Data Manipulation with pandas

Run the hidden code cell below to import the data used in this course.

# Import the course packages
import pandas as pd
import numpy as np
import matplotlib.pyplot as plt

# Import the four datasets
avocado = pd.read_csv("datasets/avocado.csv")
homelessness = pd.read_csv("datasets/homelessness.csv")
temperatures = pd.read_csv("datasets/temperatures.csv")
walmart = pd.read_csv("datasets/walmart.csv")

DataFrame Info

.head() - a method that shows the top N (default = 5) rows of the DataFrame

.info() - a method that displays the name of the columns, types and wether they contain any missing values

.shape - an attribute for the size of the DataFrame

.describe() - a method showing summary statistics for the numerical columns

.values - an attribute giving content of the DataFrame in a 2D array

.columns - an attribute with the name of the columns

.index - an attribute wich gives a row numbers or their names

New columns

dataframe["new_column_name"] = dataframe["column_name"] / 2 - just like that!

Sorting rows

.sort_values("column_name", ascending=True/False) - sort rows according to data in the corresponding column.

This can be done for several columns: firstly sorting is done following the first column and then the second and so on:

.sort_values(["column_name1", "column_name2"], ascending=[True, False])

Showing of several columns is done by:

dataframe[["column_name1","column_name2"]]

Subsetting the rows according to some rule:

dataframe[dataframe["column_name"] > X]

... and according to several rules:

ind1 = dataframe["column_name1"] == X

ind2 = dataframe["column_name2"] < Y

dataframe[ind1 & ind2]

or in one line:

dataframe[(dataframe["column_name1"]==X) & (dataframe["column_name2"]<Y)]

Another very useful method is .isin():

dataframe["column_name"].isin(["x1","x2"]) - finds rows with x1 and x2 in the corresponding column

Summary statistics

dataframe["column_name"].mean() - mean of the column

Other statistical metrics are found from: .median(), .mode(), .min(), .max(), .var(), .std(), .sum(), .quantile()

Some of them works not only for the numericals, but also for dates...

.agg(function_name) - method that apply some function (or a list of functions by using [] brackets) to the dataframe/column/multiple columns

Cumulative statistics: .cumsum(), .cummin(), .cummax(), .cumprod() which retur an entire column

Counting

dataframe["col_name"].value_counts(normalize=True,sort=True) - counts unique values in the column

dataframe.drop_duplicates(subset = ["col_name1","col_name2",...]) - drop duplicates in one column or in combinations of columns from the datframe

Grouped summary statistics

dataframe.groupby("col_name1")["col_name2"].mean() - finds mean of the values in column 2 grouped by the values in the column 1

Using dataframe.groupby("col_name1")["col_name2"].agg([func1,func2,...]) method we can get the grouped summary statistics from several functions

Groups can be defined from several columns: dataframe.groupby(["col_name1","col_name3"])["col_name2"].mean()

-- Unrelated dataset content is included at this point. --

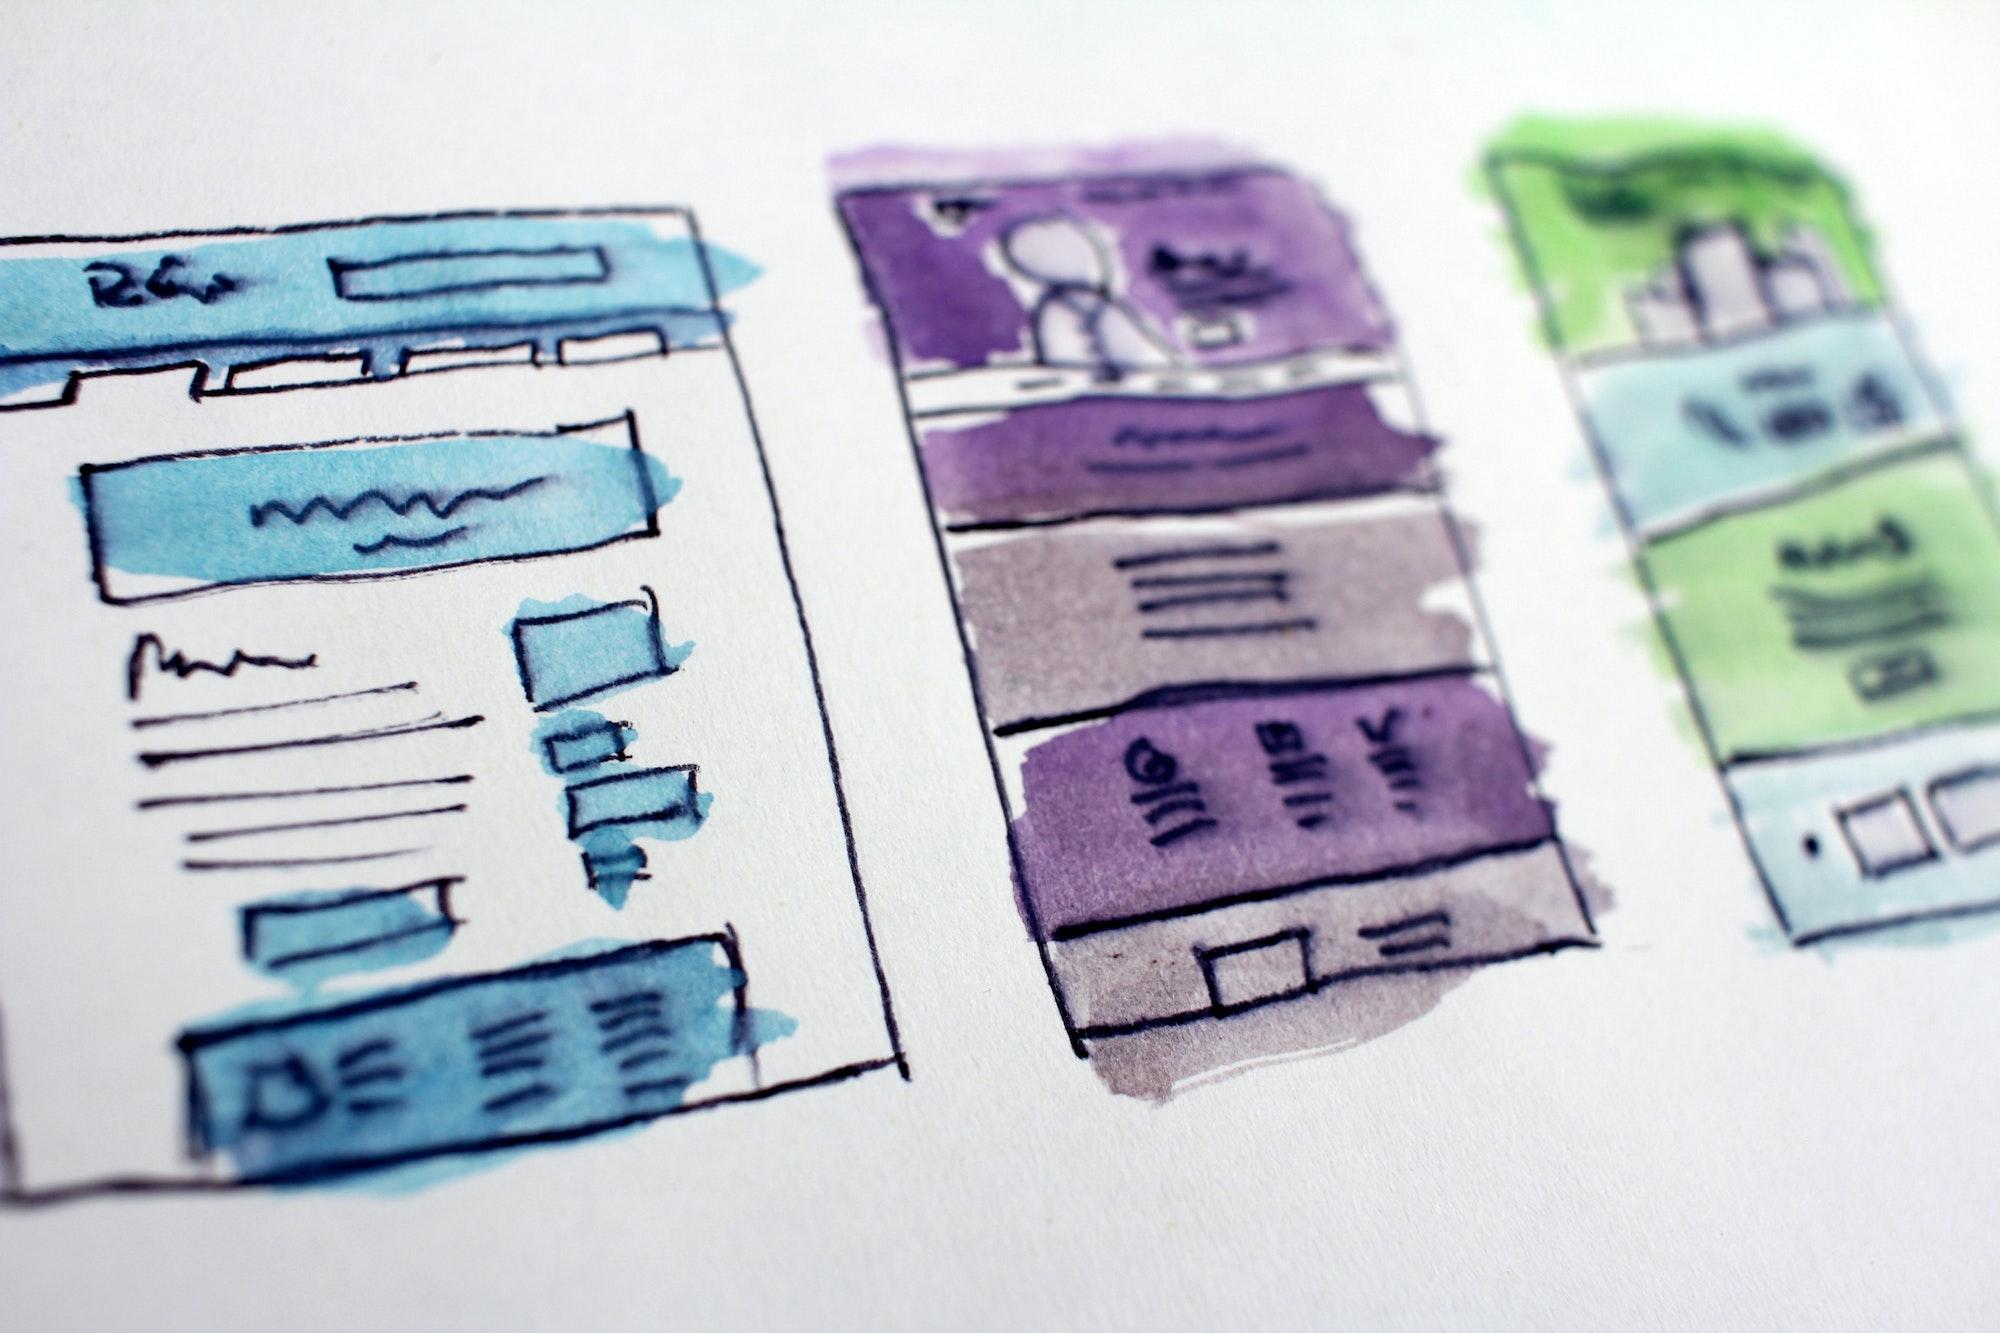 diseño más inclusivo y equitativo

... and obtain statistics for several columns as well: dataframe.groupby(["col_name1","col_name3"])[["col_name2","col_name4"]].mean()

Pivot tables

dataframe.pivot_table(values="col_name1", index="col_name2", aggfunc=np.median) - makes a pivot tables with median (or another aggregated function) values of column 1 grouped by indexed column 2

or a bunch of functions using list of functions: aggfunc=[np.median,np.max]

statistics for two values, one in the rows ("col_name1") and another in the columns ("col_names3") grouped by unique values in "col_name2":

dataframe.pivot_table(values="col_name1", index="col_name2", columns="col_name3") (it is not obligatory to mention values parameter)

Use an argument fill_value=0 to replace NaN values with 0

Use an argument margins=True to get summary statistics for all columns and rows in extra column/row (shown as last)

Working with Pivot Tables:

Use .loc["row1":"row2"] method to slice the table (select interested rows)

ptable.mean(axis="index") - finds means for each row, axis="columns" - for each column

Explicit indices

.set_index("col_name") - set new indices of rows from the col_name column; it is possible to set more than one index columns by using .set_index(["col_name1","col_name2"])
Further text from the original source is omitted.